Let me add that if you call reservations, and IF they have more than one room at the current fare, they could give you an option to choose. Otherwise, be ready to take whatever assignment amtrak.com gave you cause they don't like to do swapping around -- see, all rooms have a set price. To change from a lower price to a higher price takes some energy.

Which leads to my biggest beef: why not let customers select their own room !!! If airlines can do it with seat assignments, why not AMTRAK.


----------



## Long Train Runnin' (Dec 7, 2008)

daveyb99 said:


> Which leads to my biggest beef: why not let customers select their own room !!! If airlines can do it with seat assignments, why not AMTRAK.

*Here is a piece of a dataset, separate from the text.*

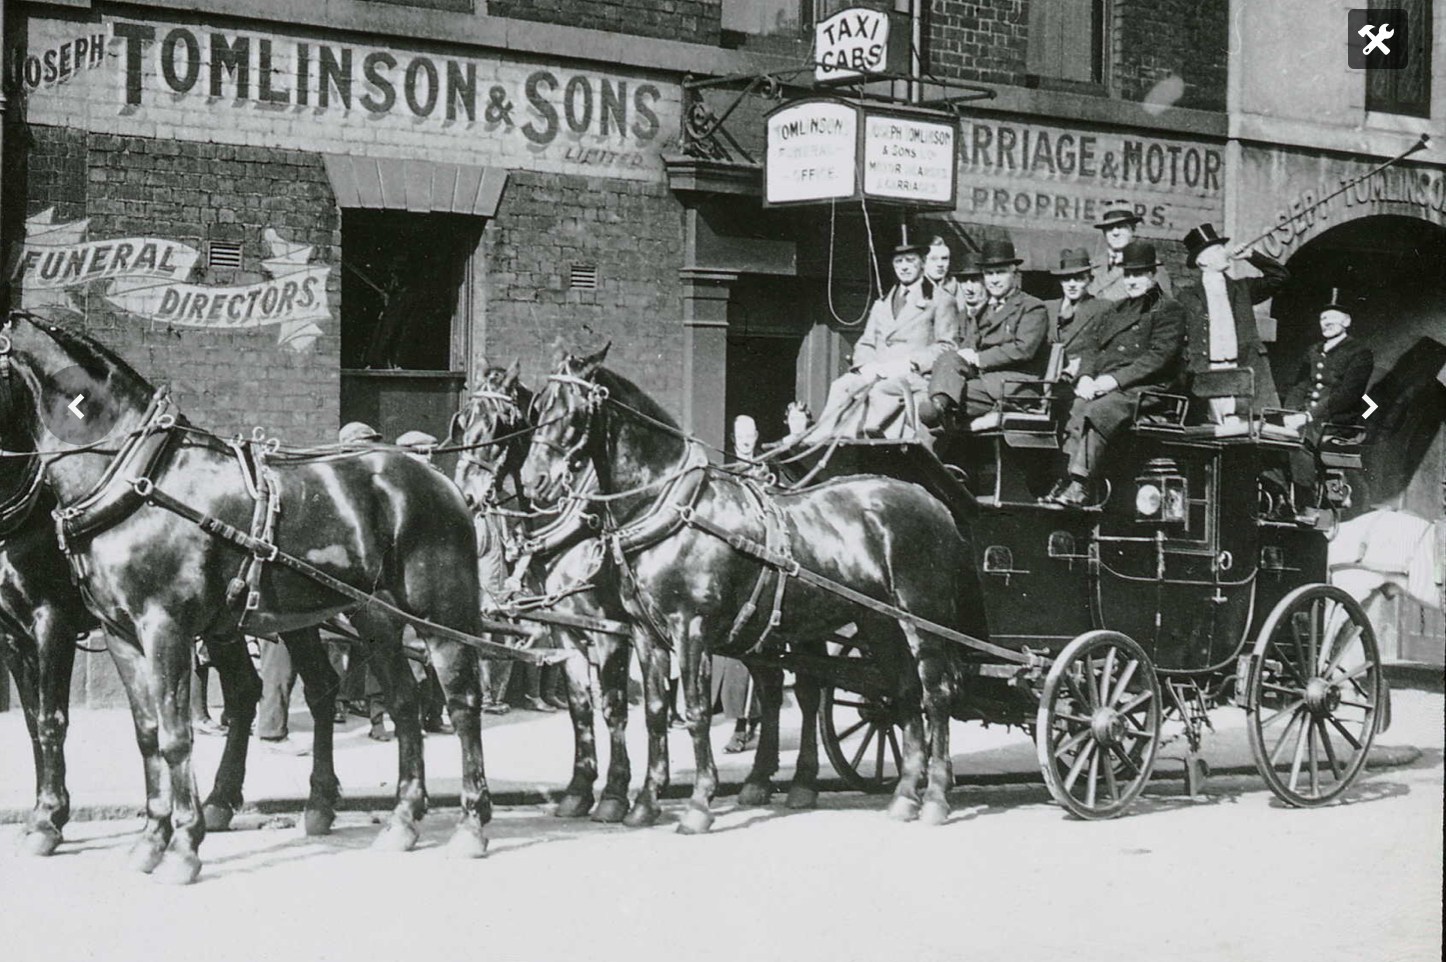 Coach and Four outside Borough Mews owned by Joseph Tomlinson & Sons Ltd

There are only so many rooms, so if people dont get the one they want they will complain and since they'll be on board with the person who "stole their room" it could cause tension between parties.


----------



## had8ley (Dec 8, 2008)

Also be mindful that they may book you in the tranistion dormitory car. This has roomettes only on the upper level and is where the crew stays during your journey. You may, or may not, want to book in this car. There are as many opinions about this car as there are posters. Personally, I really don't care to be right next to the engine if there is no baggage car which is the case on the City of New Orleans.


----------



## Chatter163 (Dec 8, 2008)

> There are only so many rooms, so if people dont get the one they want they will complain and since they'll be on board with the person who "stole their room" it could cause tension between parties.


???


----------



## NativeSon5859 (Dec 8, 2008)

If possible try to get a room in the 5910 car. That should be the car right next to the Diner. You can see the car number on your ticket, and you can ask them to change it if it shows 5911, and generally they will as long as there are rooms available and the fare bucket is the same. While there is nothing wrong with the rooms in the 5911 car (the transition dorm/sleeper, aka, crew car which sells revenue space), I find having a room in the regular Sleeper is a little less noisy, since as had8ley mentioned, there generally is no baggage car on the CONO, so the 5911 car would be right next to the engine.


----------



## Montanan (Dec 8, 2008)

As far as roomettes go, my preference would be for any of the rooms numbered 3 through 8. Room 1 is typically reserved for the attendant's use, and Room 2 suffers a bit from proximity to the upper-level restroom. Rooms 9 and 10 are next to the vestibule, so they ca be a bit noisier and the ride a bit rougher. Rooms 11-14 are in the lower level and are fine, but I think the views are better from the upper level. If you have a roomette with a number higher than that, it means you're in the transition dorm car.


----------



## the_traveler (Dec 8, 2008)

Long Train Runnin said:


> daveyb99 said:
> 
> 
> > Which leads to my biggest beef: why not let customers select their own room !!! If airlines can do it with seat assignments, why not AMTRAK.
> ...


That argument is about the same as saying that on a plane, if you wanted seat 13-A but someone else took it and you were "stuck" taking 14-A, would you not be stuck on the same plane with the person who "stole your seat"? True, it may not be a 46 hour trip - but how about if it were trans-ocean and a 15 hour trip? :huh:


----------



## AlanB (Dec 8, 2008)

NativeSon5859 said:


> If possible try to get a room in the 5910 car. That should be the car right next to the Diner. You can see the car number on your ticket, and you can ask them to change it if it shows 5911, and generally they will as long as there are rooms available and the fare bucket is the same. While there is nothing wrong with the rooms in the 5911 car (the transition dorm/sleeper, aka, crew car which sells revenue space), I find having a room in the regular Sleeper is a little less noisy, since as had8ley mentioned, there generally is no baggage car on the CONO, so the 5911 car would be right next to the engine.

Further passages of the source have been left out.